The OP hasn't mentioned if the trailer has brakes.I had a 60's 12 foot Scotty trailer I dragged around behind a 37 Chevy pu.The trailer was manufactured without brakes,weighed about 900 pounds,the 37 has front disc brakes on stock type suspension.I never had any problems even during a few emergency stops I not suggesting to not use brakes.........................just my story
That old Warner would be fine, as long as your speed is 45 mph or less, you don't tow in traffic, on the freeway, in mountanous, hilly, flat, city, congested areas, and someone doesn't pull out in front of you as if you had brakes that would stop. Come on guys, this simple stuff. It's your life you're talking about here, not points at a car show. The OP needs to get a brake controller that works, is programmable to his vehicle and trailer characteristics, that doesn't require the brakes of the trailer be applied separately. I'm not sure how you'd operate a new controller on it's own battery, as they're activated by the brake light signal from the tow car/truck, as well as a hot signal from the battery. Maybe, but if he's going to go to all t hat trouble, just get an alternator, change the light bulbs and run 12V. It's just common sense, some that is not all that common any more...
Wow guys, thanks for the great great advice! I know safety is important or I wouldn't even bring it up. I'm certainly not interested in an old set up that requires me to lung for the brake controller knob lol. I had one in an old 60's van...... it was a knee knocker so I tossed it. That said, I will not later my original wagon. I'm mean, what next disc brakes? I like the separate battery idea, I wondered about that before I posted but wanted some unbiased opinions. I think it could work. I'll check into that! It is true some trailers don't have brakes. If a trailer weighs in at 1500 pounds or more it will have them however. Not to ruffle Mr. Tin Can tourist's feathers (and thanks for the scathing reply BTW), but having been to many many vintage trailer rallies, I can say with all confidence many trailerites don't run any brake system. I'm not that stupid and I don't drive 75 like many of them do either. The thing is a lot of people with vintage trailers are idiots and I have seen it first hand. I happen to heartily agree with Mr. Tin Can and hopefully he and others can educate these boneheads. My priniple interest was finding out if I could use a modern brake controller. Thanks to all for setting me straight!

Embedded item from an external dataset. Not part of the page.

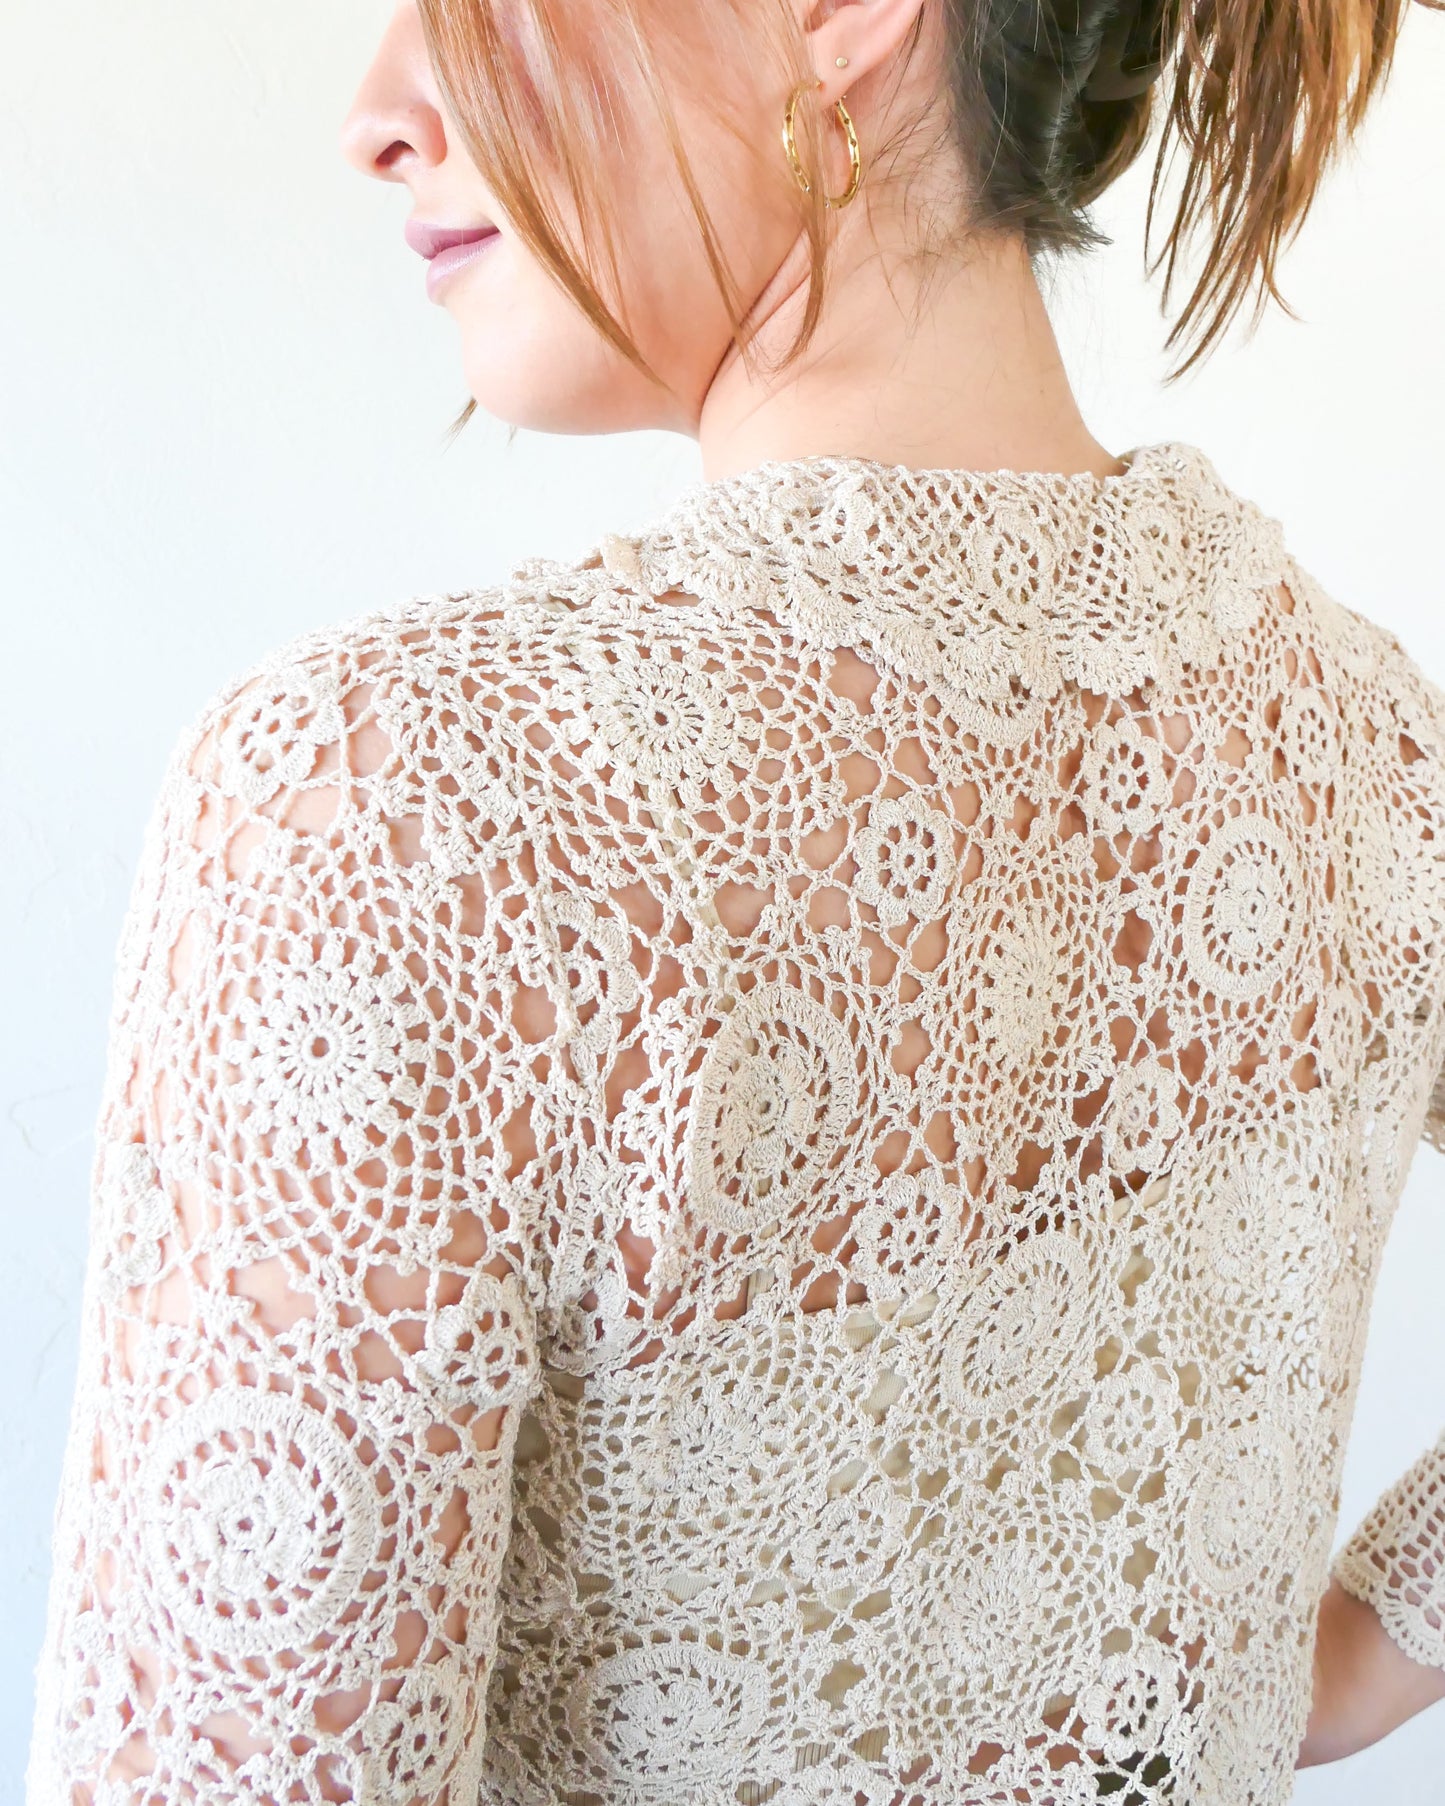 Closeup of back side view of collar and upper back. A versatile and boho chic hand crocheted cropped cardigan sweater with a unique, repeating kaleidoscope-like floral pattern throughout. Dress it down with a pair of jeans and sandals, or dress it up with neutral colored wide leg pants, heels, and a pair of vintage dangly earrings.

Scathing? Really? I thought I was being thoughtful and offering good advice! The HAMB is getting SOOO sensitive lately... Brian
umm..im not sure if this even came up on this thread or not...but, does your "vintage" trailer even have electric brakes? or is this something your planning on installing? good thinking if you are I dont have it in front of me so dont lambaist me if i miss the weight..but i think in my state it has to be over 3500#? before brakes are required..
Relax Brian.......you tried....some people resist edication..... No shortage of stubborness on the HAMB! Ray
Buy a small converter....they are not that expensive... As stated...why change what worked in the past. Just be aware of it's limits... Good luck, JMHO. Cheers,
Oh yeah, it has brakes. It's a '66 Lo-liner. Dry weight is 1800 and I believe here in Calif, anything over 1500 would have them. My Airfloat is 2700 and it has some nasty looking brakes on it!
You are correct: California V. C. Section 26303 Trailer Coaches and Camp Trailers Trailer Coaches and Camp Trailers 26303. Every trailer coach and every camp trailer having a gross weight of 1,500 pounds or more, but exclusive of passengers, shall be equipped with brakes on at least two wheels which are adequate, supplemental to the brakes on the towing vehicle, to enable the combination of vehicles to comply with the stopping distance requirements of Section 26454. Amended Ch. 1536, Stats. 1971. Operative May 3, 1972.
Update on subject for any who care. Hayes made a hydraulically activated trailer control. It connects via the master brake cylinder but is activated electrically either 6 or 12 volt.They only stopped making it a couple of years ago and may still be available. I'm searching for one now. Wish me luck.